American frontiersman

Richard Lemon Owings (1812–1902), more commonly known as Richard Owens or Dick Owens, was a pioneer of the American West who played an important role in John C. Fremont's third expedition to the Great Basin and California.

Owings is well known as a frequent companion and close friend of Kit Carson. He worked as a trapper prior to joining Fremont's Company. Fremont named the Owens Valley, Owens River, and Owens Lake in Eastern California all after him, even though Owings never visited any of them.

==Biography==

=== Early life ===
Owings was born in Owings Mills, Maryland (near Baltimore) on October 14, 1812. The family relocated to the "wooded hills" of Zanesville, Ohio, where Owings was primarily raised. He was apprenticed to a gunsmith at age 16, and was able to build a flintock rifle "as well as shoot one with accuracy and speed." Owings was about 21 years old in 1834 when he headed west to the Rocky Mountains with an "experienced mountaineer" named Caleb Wilkins.
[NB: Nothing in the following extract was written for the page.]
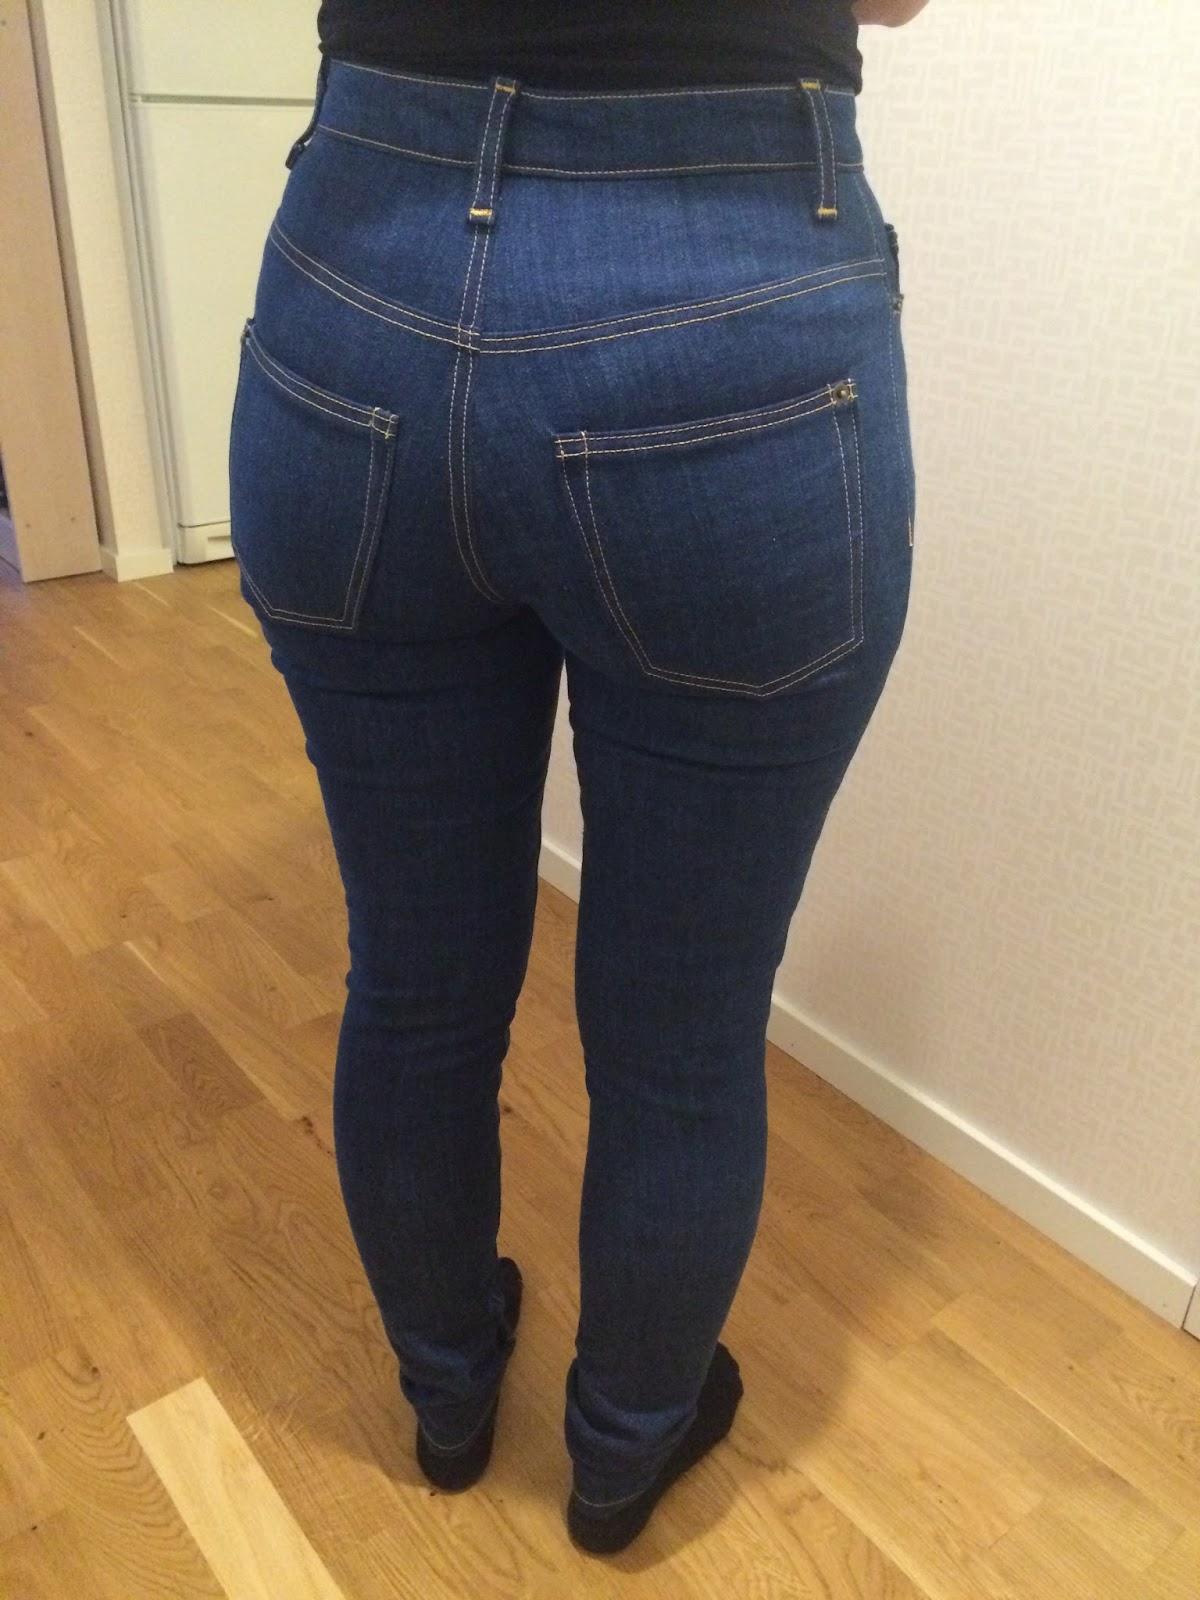 jeans töjer sig

=== Career with Carson and Fremont ===
In 1839, Owings was part of a group of trappers who stole horses from "friendly Shoshones," and Carson was tasked with recovering the animals from the men. The incident was notably omitted from Carson's memoirs, as he "may have preferred not to remember an occasion when they were on opposite sides and might have shot each other, and which did not reflect well on Owens."
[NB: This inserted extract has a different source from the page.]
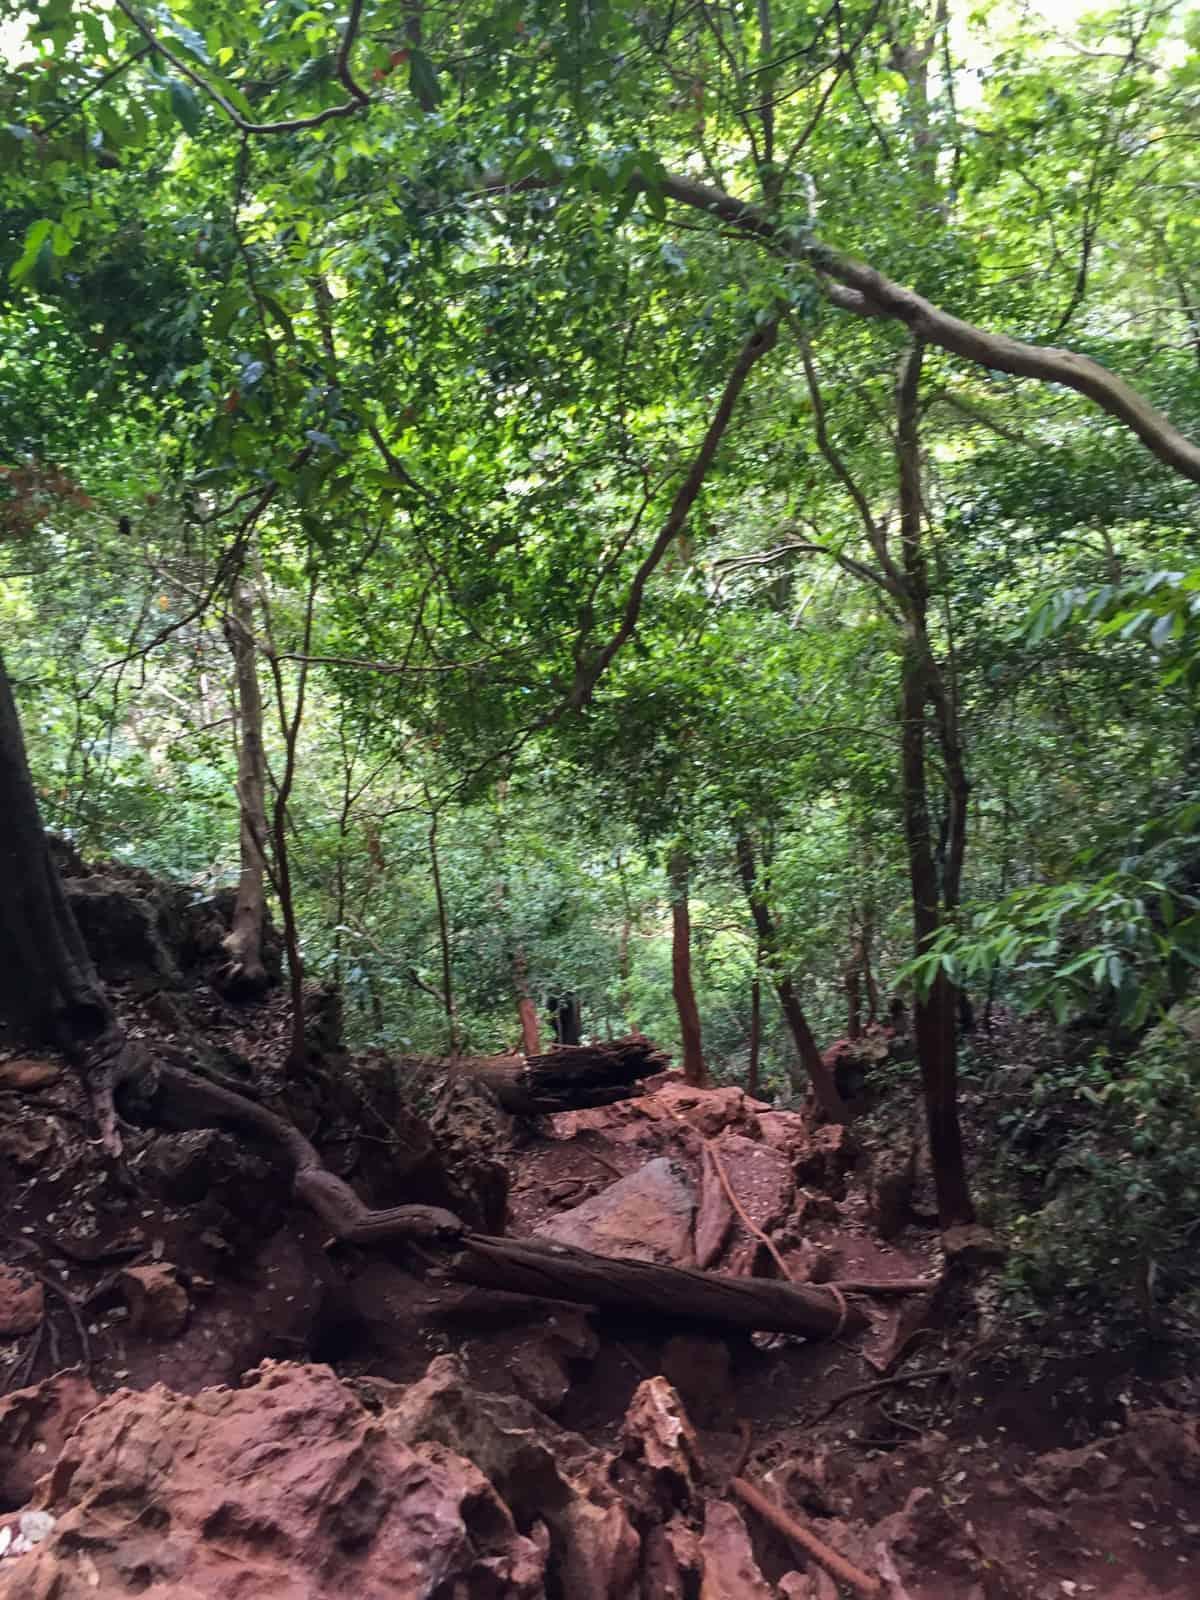 Hiking to Hidden Lagoon on Railay Peninsula

In 1839, Owings spent three months trapping beaver with Carson in South Dakota. The two became close friends and were frequent companions over the following decade.
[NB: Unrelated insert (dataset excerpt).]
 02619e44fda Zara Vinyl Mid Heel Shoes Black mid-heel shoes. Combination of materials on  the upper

Carson and other "mountain men" invariably called Owings by the name "Dick Owens". Carson and Owings both spent most of the early 1840s living near Taos, New Mexico, and in March 1845, the two started a joint farming venture fifty miles away in Rayado. When they learned, however, that Fremont was preparing a third expedition to the Great Basin and California, they sold everything at a loss and moved to join Fremont's company. Carson had served Fremont as a guide on his earlier expeditions and was highly trusted by him.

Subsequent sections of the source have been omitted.